Comprehensive performance comparison among different types of features in data-driven battery state of health estimation

TL;DR

This paper develops a physics-informed Gaussian process regression model for battery state of health estimation, demonstrating superior accuracy and robustness over other features and methods across extensive cycling data.

Contribution

It introduces a physics-informed GPR approach that outperforms other features and machine learning methods in battery SOH estimation, with high accuracy and generalization.

Findings

Physical features-based GPR achieves less than 1.1% error.

Physics-driven ML estimates more accurate SOH than non-physical features.

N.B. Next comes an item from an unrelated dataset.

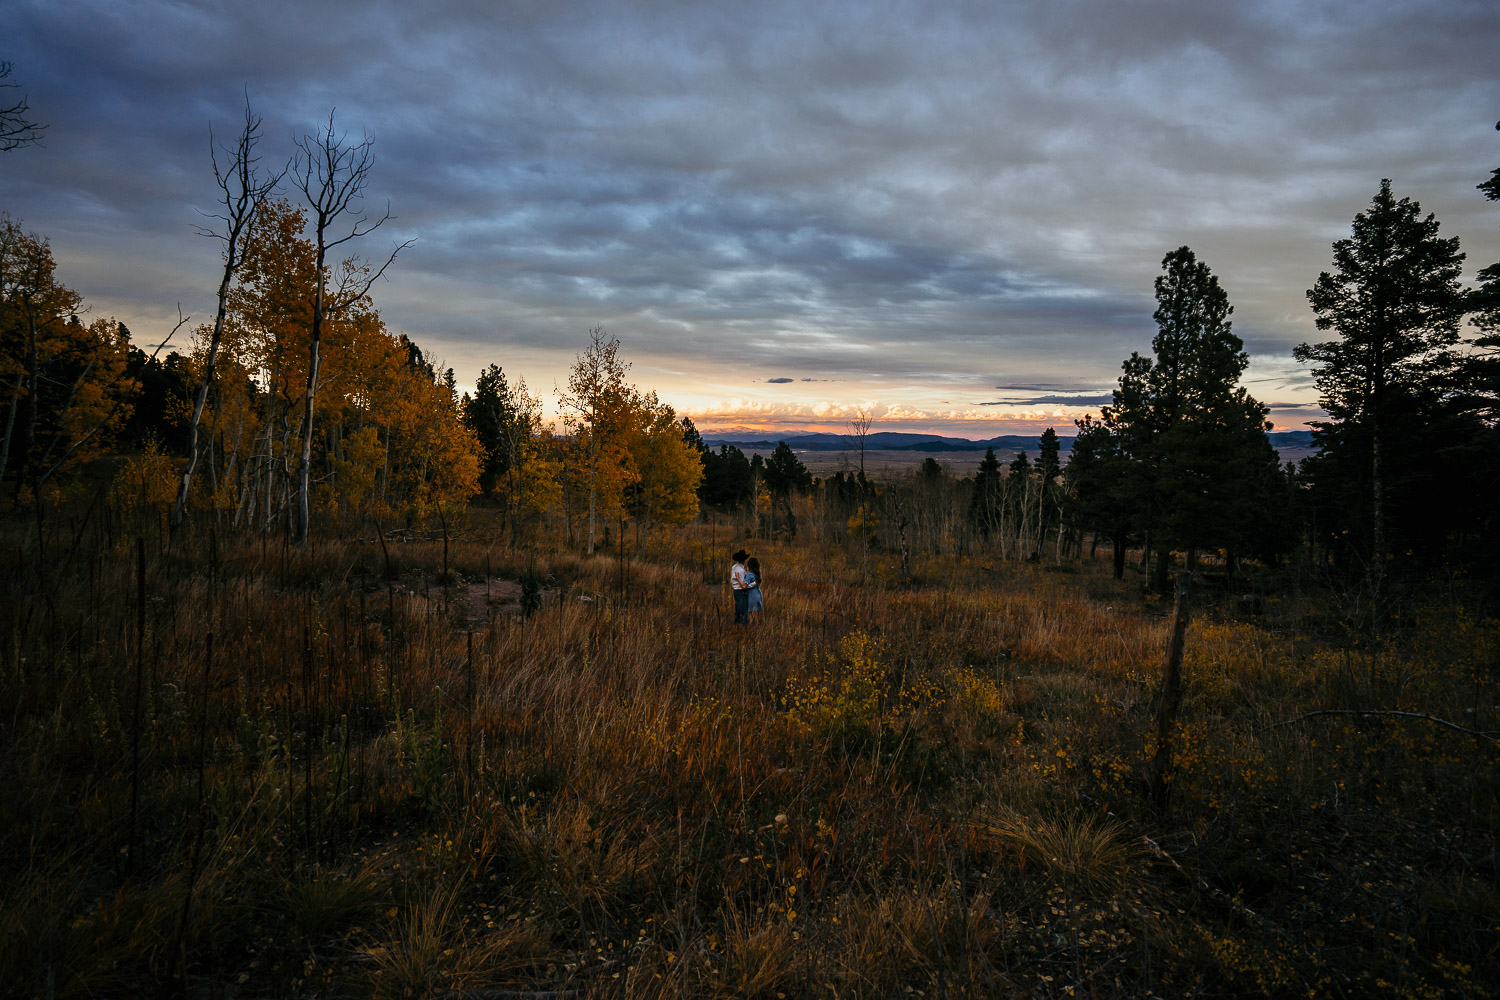 Fall Adventure Session, Alvarado Campground, Westcliff Colorado, Hillside Colorado, Autumn, Colorado Engagement Photography, Colorado Couples Photographer, Elopement

Method shows robustness across different data ratios and unseen conditions.

Abstract

Battery state of health (SOH), which informs the maximal available capacity of the battery, is a key indicator of battery aging failure. Accurately estimating battery SOH is a vital function of the battery management system that remains to be addressed. In this study, a physics-informed Gaussian process regression (GPR) model is developed for battery SOH estimation, with the performance being systematically compared with that of different types of features and machine learning (ML) methods. The method performance is validated based on 58826 cycling data units of 118 cells. Experimental results show that the physics-driven ML generally estimates more accurate SOH than other non-physical features under different scenarios. The physical features-based GPR predicts battery SOH with the errors being less than 1.1% based on 10 to 20 mins' relaxation data. And the high robustness and generalization capability of the methodology is also validated against different ratios of training and test data under unseen conditions. Results also highlight the more effective capability of knowledge transfer between different types of batteries with the physical features and GPR. This study demonstrates the excellence of physical features in indicating the state evolution of complex systems, and the improved indication performance of these features by combining a suitable ML method.